This process has the advantage that operations can be performed in comparatively simple units basically known from steel production. However, a considerable disadvantage of the process is that at the end of the process a high proportion of high-manganese-oxide, high-melting slag is present, which requires high tapping and casting temperatures to ensure adequate metal/slag separation. This slag also represents a considerable loss of manganese, relected in a comparatively low metal/manganese yield.
It is an object of the invention to provide a process for the preparation of low-carbon and silicon-carbon (refined) ferromanganese by blowing with pure oxygen in a converter a high-carbon ferromanganese produced in a blast furnace, which uses the essential advantages of the known bottom blowing processes but obviates considerable disadvantages--i.e., enables production to be as low-energy, lost-free as possible without heavy lining wear.
The steps set forth in claim 1 are proposed to solve this problem.
On completion of the addition of solid reducing agents, the melt is cooled to casting temperature with material of the same nature, preferably in a cooling phase, while blowing gas continues to be blown in.
The tapping temperature can be adapted within wide limits to the requirements of casting technology. The quantity of bottom gas can be reduced by selection of the tuyere cross-section, the number and arrangement of the tuyeres, and also the regulation of the gas quantity determined by process parameters to the extent required to maintain the bath motion required for the individual process steps.
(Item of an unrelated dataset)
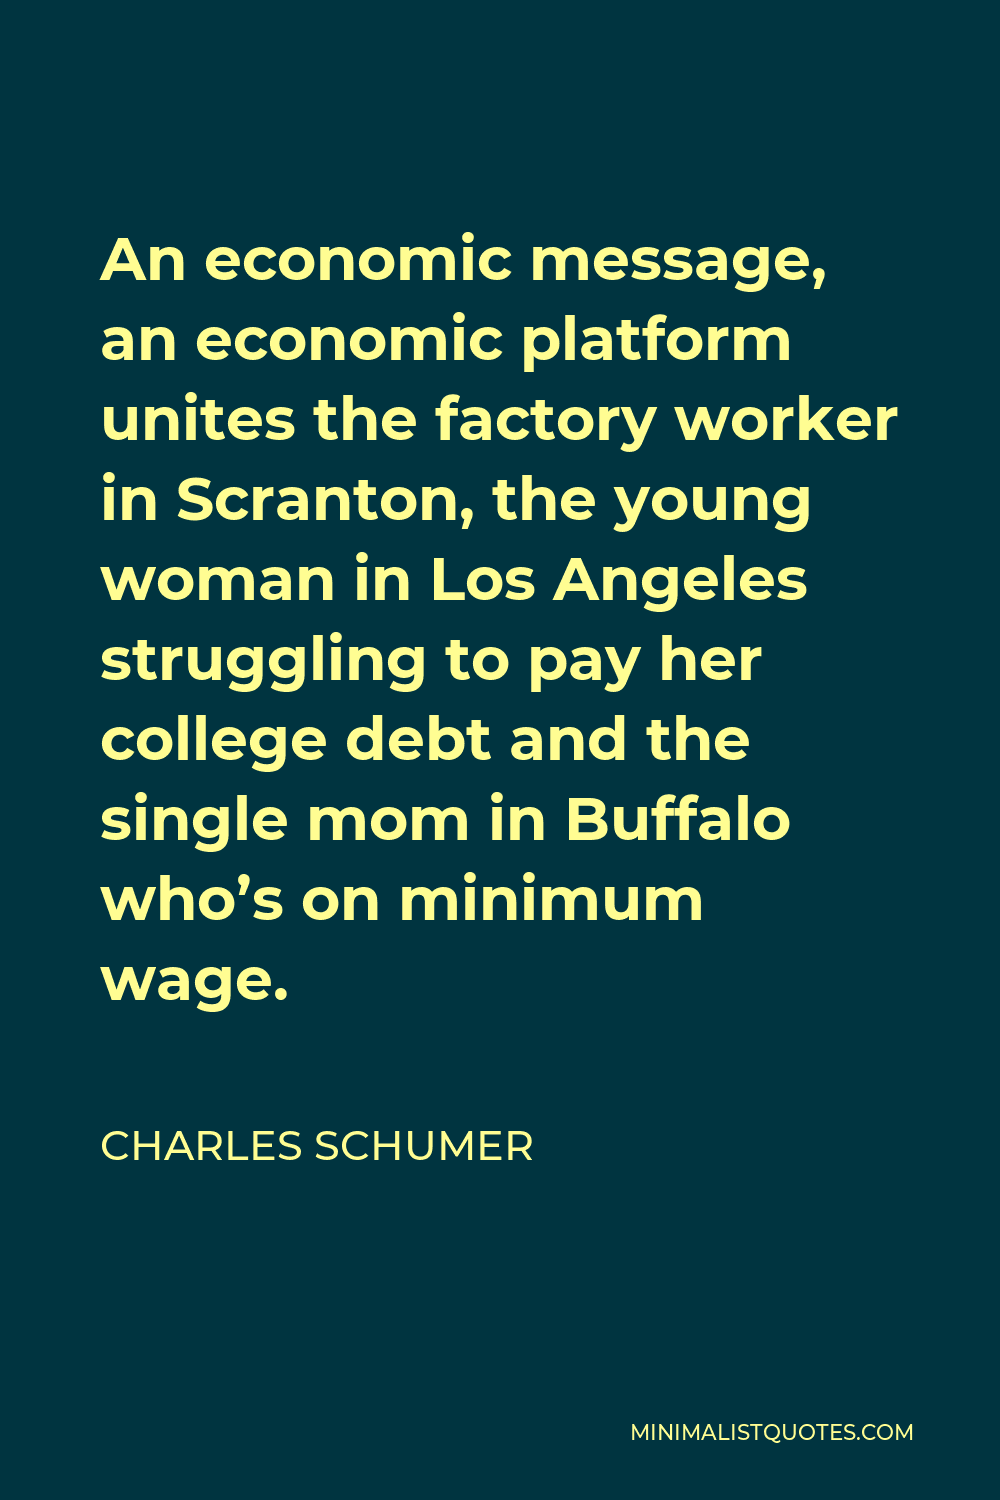 Charles Schumer Quote - An economic message, an economic platform unites the factory worker in Scranton, the young woman in Los Angeles struggling to pay her college debt and the single mom in Buffalo who’s on minimum wage.

According to the invention in the oxidation phase the quantity of top blown oxygen is 1.50 to 4.0 Nm3 /min per tonne of high-carbon ferromanganese, preferably 2.5 to 3.5 Nm3 /min per tonne of high-carbon ferromanganese, and the quantity of stirring gas is 0.02 to 0.50 Nm3 /min per tonne of high carbon ferromanganese, preferably 0.02 to 0.15 Nm3 /min per tonne of high carbon ferromanganese. In the reduction and cooling phase, advantageously operations are performed with a quantity of stirring gas of 0.05 to 0.50 Nm3 /min per tonne of high-carbon ferromanganese.
The stirring gas used according to the invention in the oxidation phase is nitrogen, argon, carbon dioxide or waste gases, and in the reduction phase argon or nitrogen.
The solid reducing agents used in the reduction phase are preferably silicomanganese, ferrosilicon, silicon, aluminium or their alloys, in quantities of 5 to 15 kg of silicon or aluminium per tonne of high-carbon ferromanganese; the quantity of lime in lumps ranges between 10 to 40 kg per tonne of high-carbon ferromanganese, depending on the silicon content.
According to a further feature of the invention, manganese ore or filter dusts separated during the process are used both during and after the blowing phase for cooling, and the immediately following reduction phase is modified so that manganese is obtained both from the fresh slag and from the manganese ore to which the aforementioned other solid reducing agents are added.
In the cooling phase immediately following reduction, preferably refined ferromanganese is added in quantities of 40 to 350 kg per tonne of high-carbon ferromanganese, preferably 60 to 180 kg per tonne of high-carbon ferromanganese. However, manganese ore or filter dusts separated during the process can be substituted partly or wholly for refined ferromanganese as the coolant.
Dolomite and/or magnesite can be used as additional slag formers in quantities up to 40 kg per tonne of high-carbon ferromanganese and not only produce the required cooling effect but also afford special protection to the vessel refractory lining.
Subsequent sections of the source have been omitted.